Designing a Collaboration Model among Supply Chain Members and Measuring the Technical Efficiency of Supplier Companies Using Data Envelopment Analysis in the Oil and Gas Industry
Keywords:
Supply chain, technical efficiency measurement , supplier companies, oil and gas industry , data coverage analysisAbstract
Given the increasing competition among companies and suppliers in the oil and petrochemical industry in the modern era, it has become essential for all active companies in this field to have a thorough understanding of their efficiency levels. They must examine the various causes of efficiency and inefficiency in their units and systematically plan and execute reforms in inefficient units. By enhancing the efficiency of underperforming units, it is expected that national interests will be better and more effectively served, improving the efficiency of the oil and petrochemical distribution and development systems in the country. This study focuses on designing a collaboration model among supply chain members and measuring the technical efficiency of supplier companies using Data Envelopment Analysis (DEA). By examining influential data and outputs, DEA is employed to calculate the technical efficiency of the country’s supplier companies under two assumptions: constant returns to scale (CRS) and variable returns to scale (VRS). The statistical sample consists of 15 experts with academic and practical experience in financial management and stock market operations. The research findings indicate that technical efficiency and pure technical efficiency (PTE) are directly derived from the computation of CCR and BCC models. Under the CRS assumption, the average efficiency of the companies under study is 88.45%. From a geometrical perspective, under this assumption, the production frontier is represented as a straight line on which efficient units are located, forming the frontier. Under the VRS assumption, the average efficiency is 90.88%. This indicates that companies have produced 9.12% less than the optimal amount given their current input levels.
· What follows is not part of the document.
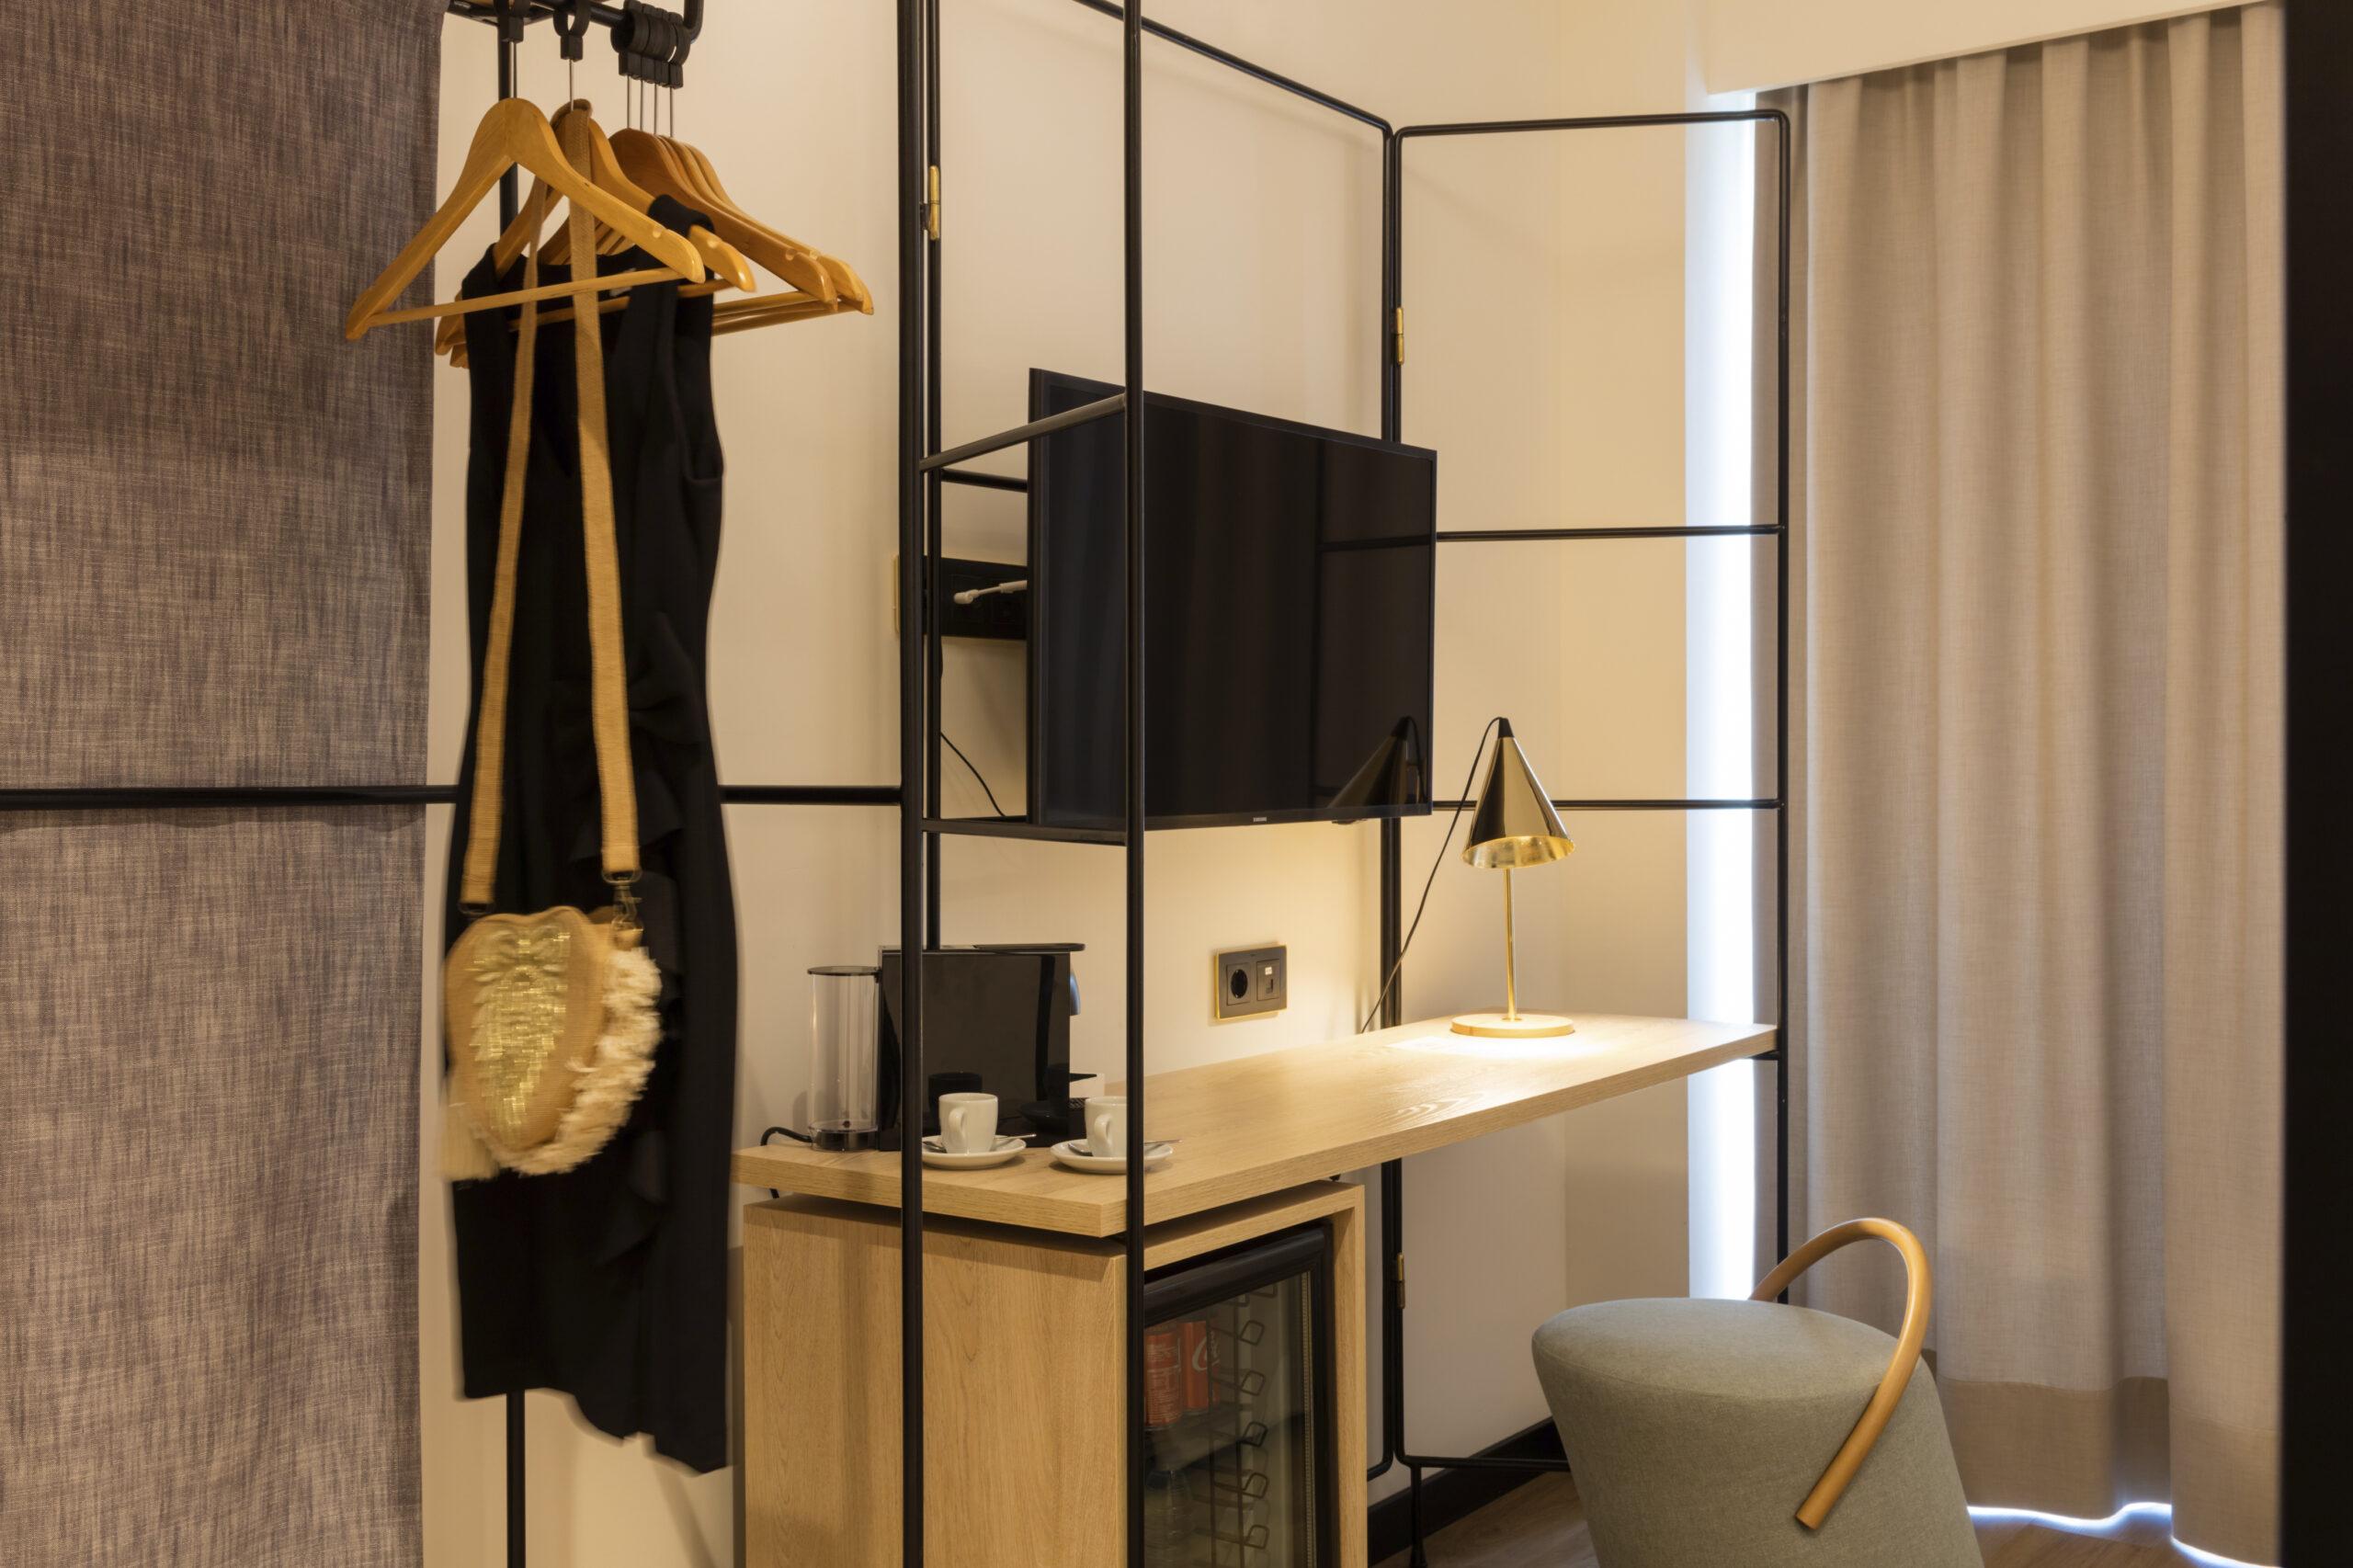 Ars Magna Bleisure Hotel - Double Standard

Furthermore, under this assumption, the production frontier is concave, and each efficient production unit is positioned on the frontier. The average scale efficiency is 97.17%, implying that the actual production scale deviates by 2.83% from the most productive scale. When pure technical efficiency (PTE) exceeds scale efficiency, inefficiency is due to scale inefficiency. Conversely, when this is not the case, the major portion of inefficiency is attributed to pure technical inefficiency or management (operational) inefficiency.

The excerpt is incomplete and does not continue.